Performance optimization, and how to do it wrong

I recently tried to optimize convolutions using SIMD instructions, but what I thought would be a simple task ended up taking me days, with issue after issue popping up one after another. Some of them make sense in hindsight, but others were utterly baffling. While the specific examples are for direct convolution, these considerations apply to pretty much any code with a hot loop.

Background

I work on burn and recently wanted to optimize direct convolution on the burn-ndarray CPU backend.
For convolutions you need to move a two-dimensional kernel across an input feature map and sum all the values across all input channels. This is repeated for each output channel. The input can have padding pixels of zero-padding around the actual data, and the kernel can move in a strided manner (i.e. two pixels at once). There are many algorithms with different tradeoffs, but I decided to go with direct convolutions since they don't have memory overhead and are still very efficient when implemented correctly. The basic outline is that you have many nested loops, some bounds checks and a very frequently executed fused-multiply-add (FMA) instruction. My initial implementation looked something like this¹ (simplified):

iter_range_par!(0, batch_size * oc_blocks).for_each(|k| {
  for oh in 0..out_height {
    for ow_block in 0..ow_blocks {
      seq!(N in 0..8 {
        let mut acc~N = bias;
      });

      for ic in 0..in_channels {
        for kh in 0..k_height {
          if !in_bounds_h {
            continue;
          }

          for kw in 0..k_width {
            let f0 = vload(&weights[[ic, kh, kw, oc]]);
            seq!(N in 0..8 {
              if in_bounds_w {
                let i~N = splat(x[[ic, ih, iw + N]]);
                acc~N = E::vmuladd(simd, i~N, f0, acc~N);
              }
            });
          }
        }
      }

      seq!(N in 0..8 {
        if ow + N >= out_width {
          continue;
        }
        vstore(&mut out[[ow + N, oc]], acc~N);
      });
    }
  }
});

In this implementation I use several techniques. In addition to SIMD loads and fmadds I use the optimized loop order and register blocking (using the seq macro) techniques from this paper. I finished the implementation, executed a benchmark, and... it's slower. More than two times slower than a naive unvectorized² implementation in fact (~670ms vs ~300ms).

Starting to investigate

To do this I tried to use various profilers, cargo-flamegraph, samply and, after a lot of desperation, AMD μProf. After a few days of trying to get useful information out of these profilers (and getting μProf to work at all), I realized it wasn't getting me anywhere. The flamegraph and hotspots just didn't seem to make any sense at all.

So what's the next step?

Reducing the problem

Ok, none of my attempts to profile led to any success. So let's try to reduce the code to only what's actually needed in the benchmark. The benchmark uses unpadded, unstrided, undilated and ungrouped convolutions, so I stripped all padding checks and all stride/dilation calculations - it was faster, but still slow.

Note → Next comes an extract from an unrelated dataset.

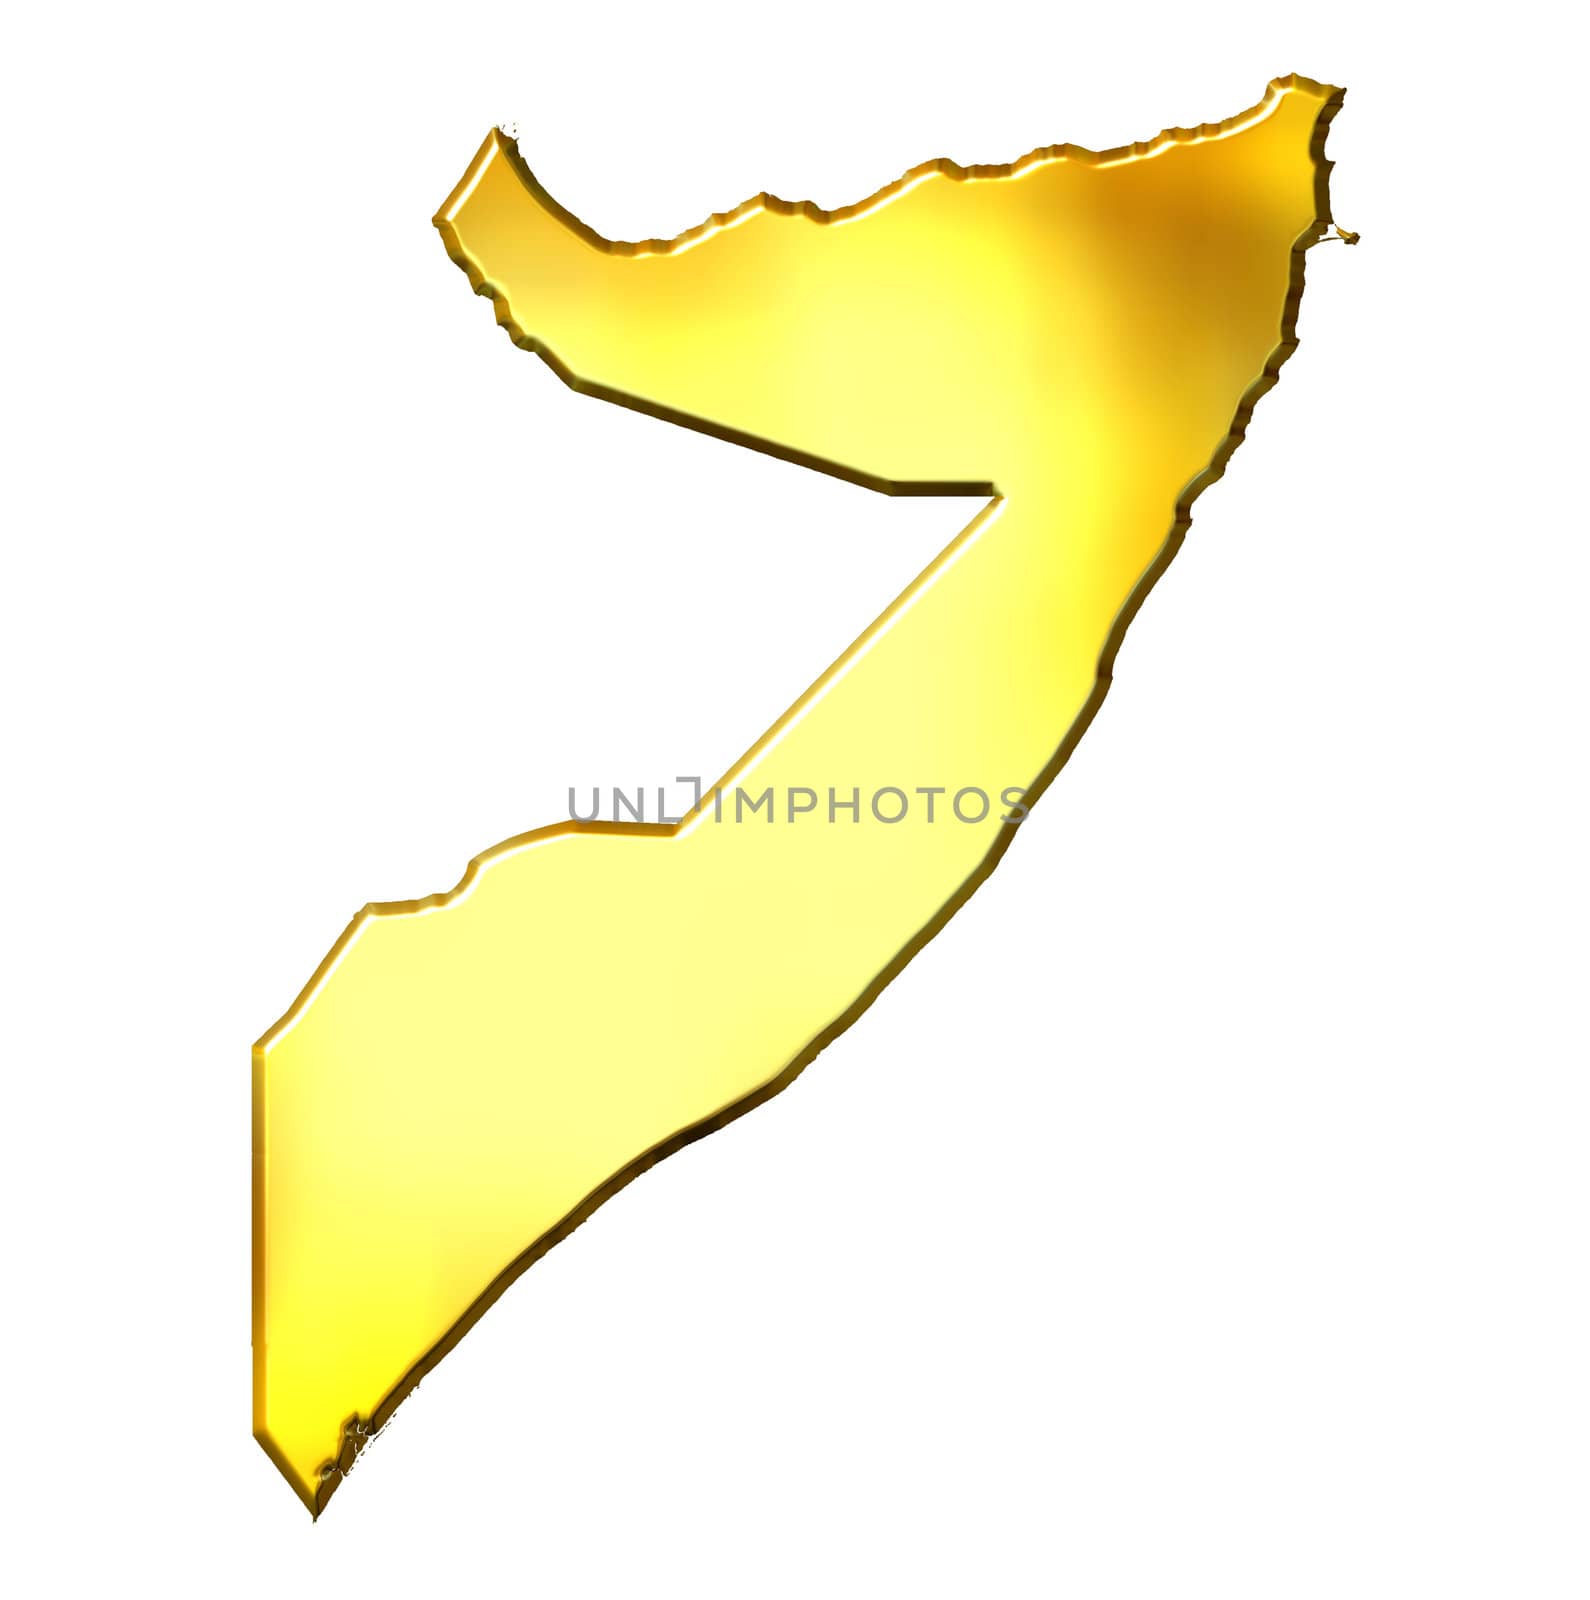 Somalia 3d golden map isolated in white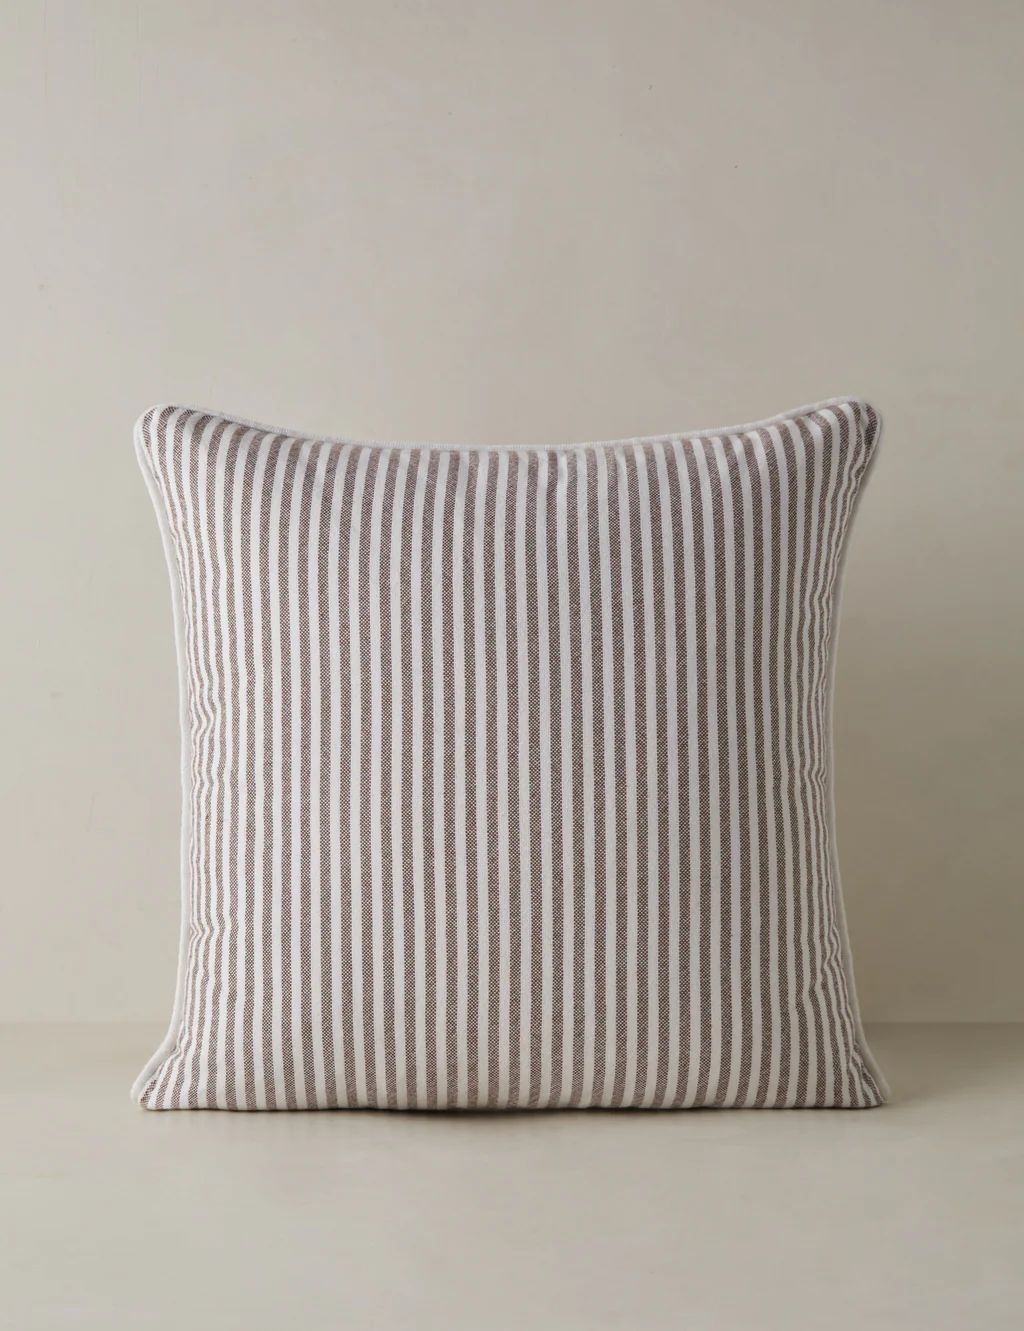 Littu Indoor / Outdoor Striped Pillow by Sarah Sherman Samuel | Lulu and Georgia

There was one branch left to eliminate: The check for border pixels in the register-blocking loop.

Just to check I shortened the loop to only consider pixels up to the last multiple of 8. This yields incorrect results, but should help with debugging performance.

let ow_blocks = out_width / ow_b // changed from `div_ceil`
//...

for ow_block in 0..ow_blocks {
  seq!(N in 0..8 {
    let mut acc~N = bias;
  });

  for ic in 0..in_channels {
    for kh in 0..k_height {
      for kw in 0..k_width {
        let f0 = vload(&weights[[ic, kh, kw, oc]]);
        seq!(N in 0..8 {
          let i~N = splat(x[[ic, ih, iw + N]]);
          acc~N = E::vmuladd(simd, i~N, f0, acc~N);
        });
      }
    }
  }

  seq!(N in 0..8 {
    vstore(&mut out[[ow + N, oc]], acc~N);
  });
}

Executing the benchmark, the code is now significantly faster on a single thread than the old code with multiple threads!

Benchmarking - conv2d-input_16x512x512_weight_16x3x3_stride_1
―――――――― Result ―――――――――
  Timing      full
  Samples     40
  Mean        205.12ms
  Variance    69.420µs
  Median      203.24ms
  Min         201.12ms
  Max         207.23ms
―――――――――――――――――――――――――

The problem seems to have been a mixture between spilling registers (as someone previously focused on GPU, I was shocked to find modern CPUs only have 16 of them), and too many branches. This is why the profilers didn't lead me anywhere useful. Branching in modern CPUs is just too complicated to be meaningfully represented by a profiler hotspot. This is probably the biggest takeaway from this article: branches are much worse than you think, because the CPU can't predict more than one³ branch per cycle⁴. A single if statement inside a loop is enough to stop any further instructions from being decoded in that cycle. Since optimal performance requires 2 FMA instructions per cycle (they take 1 cycle with a 5 cycle latency, and Zen 4 has 2 FMA units), having a branch on every instruction massively hamstrings the performance. This may be different on Zen 5, but remember, we still have other branches in addition to the ow bounds check that need predicting. So it's worse than 50% performance in practice.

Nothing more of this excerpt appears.